▸ Description of the task: Set down again exactly the lines of the listing below that fall between the line holding "Yoga Nidra for Deeper Sleep" and the line holding "AUSTIN RAINBOW TRUCKER", inclusive.

▸ Information given:
-- Opening Marker --

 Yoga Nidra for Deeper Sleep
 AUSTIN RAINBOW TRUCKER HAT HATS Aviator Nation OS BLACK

-- Closing Marker --
-- Opening Marker --

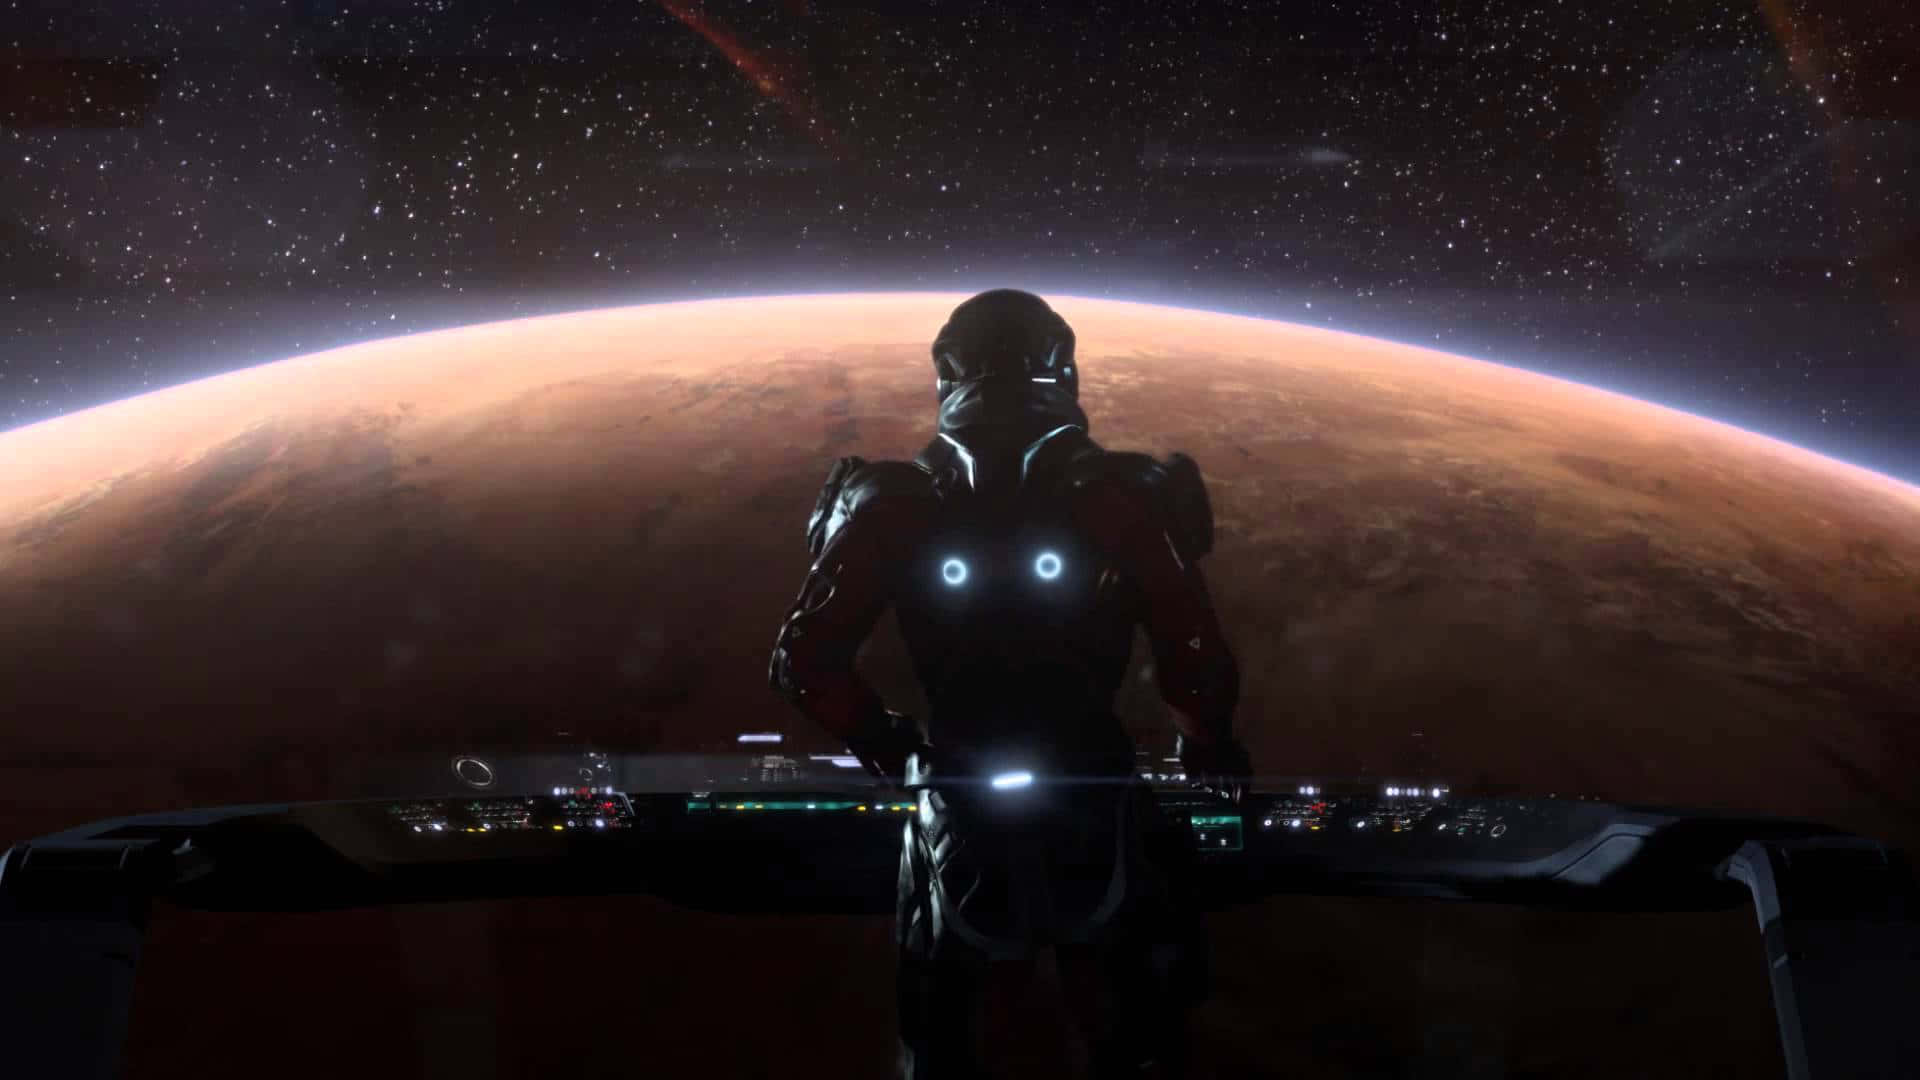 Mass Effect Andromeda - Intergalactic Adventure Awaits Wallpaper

-- Closing Marker --

▸ Written response:
 Yoga Nidra for Deeper Sleep
 AUSTIN RAINBOW TRUCKER HAT HATS Aviator Nation OS BLACK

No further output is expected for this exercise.